小白没听了。他站起来,腿有点软。他抱着保温袋往后退了一步,又退了一步。保温袋里的饭盒晃了一下,发出轻微的碰撞声。他转身走了。
走了几步,跑起来了。
保温袋在怀里颠着,一下一下撞着他的胸口。他的爪子攥着袋子口,攥得很紧。塑料袋在爪子里发出刺耳的摩擦声。他跑过一条街,又跑过一条街。气喘不上来了,但他没停。跑到路口,红灯,停下来了。蹲在斑马线前面,把脸埋进保温袋里。保温袋还是热的,毛巾还是软的,毛巾下面是红烧肉,炖了很久,五花肉切块,焯水,炒糖色。他想着许赋安吃的时候会说“好吃”,会舔嘴唇,会让他也吃一块。他把保温袋抱紧了。
绿灯亮了。他站起来,继续跑。
跑回福利院的时候,天已经暗了。梧桐树光秃秃的,枝丫伸向天空。棚子里空空的。他把保温袋放在枕头旁边,蹲在棚子门口。胸口那个地方很闷,像被什么东西堵住了,喘不上气。他伸手摸了摸自己的胸口,毛茸茸的,热乎乎的,心跳很快。他不知道这是什么感觉。以前赶路的时候,饿着肚子,脚磨破了,也没这样。
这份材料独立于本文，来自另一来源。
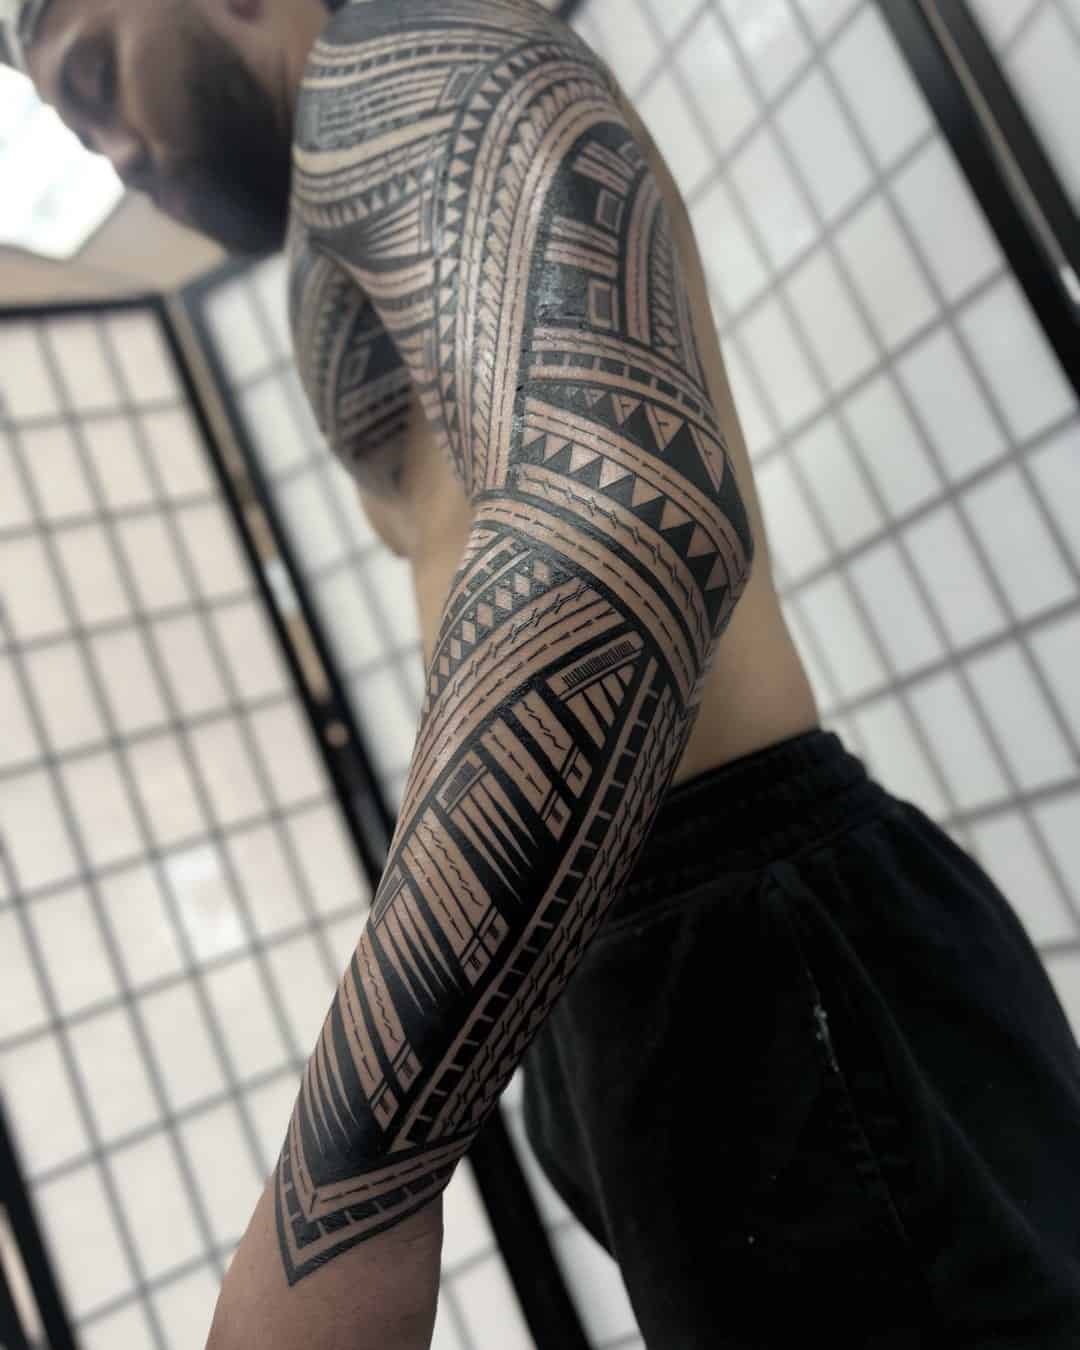 Tribal tattoo by ajtfz.801

他蹲在那里,想了很久。想那个女生说的话。“你话不多。”“你成绩不是最好的,但最认真。”“你穿的衣服总是干干净净的。”她说的那些,他也知道。他知道许赋安话不多,但对他会说很多。知道许赋安认真,做题的时候眉头会皱起来,皱出一道竖纹。知道许赋安穿的虽然是旧衣服,但总是干净的,领口没有褶皱,袖口没有污渍。他知道这些,但他从来没觉得这些是“喜欢”的理由。
喜欢需要理由吗?
他不知道。他喜欢许赋安,是因为什么?是因为小时候那个馒头?是因为梧桐树下那些夜晚?是因为许赋安等他、接他、给他梳毛、把手伸进他口袋里取暖?还是因为别的什么?他说不上来。如果让他说喜欢许赋安什么,他说不出。他能说出的那些——手很暖,会摸他的头,会在他冷的时候把围巾围在他脖子上——好像都不是“理由”,是“发生过的事”。理由应该藏在那些事的下面,更深的地方。他挖不到。
他蹲在那里,把这些年的事从头捋了一遍。捋到最后,他发现一个问题——他不知道自己是什么时候开始喜欢许赋安的。不是八岁,不是重逢那天,不是织围巾的那天晚上。是更早,早到他自己都找不到那个起点。像一棵树,不知道什么时候扎的根,等注意到的时候,已经长满了叶子。
喜欢是什么?
他想了很久。喜欢是许赋安摸他头的时候,尾巴会自己摇。喜欢是冬天许赋安把手塞进他口袋里的时候,会想把那只手握紧一点。喜欢是许赋安叫他“小白”的时候,会想让他一直叫下去。喜欢是许赋安吃到好吃的东西,会想让他也尝尝。喜欢是许赋安难过的时候,会想替他难过。喜欢是许赋安开心的时候,会比他更开心。
他把这些念头在心里翻来覆去地想了很久,像拆一件织错的毛衣,一针一针往回退,退到起针的地方,重新织。他想,如果许赋安问“你为什么喜欢我”,他会怎么回答?他不知道。他说不清楚。喜欢这种东西,说不清楚。不像围巾,针脚密不密、松不松,一眼就能看出来。喜欢藏在毛线里面,藏在每一针的线圈里,看得到线,看不到空气。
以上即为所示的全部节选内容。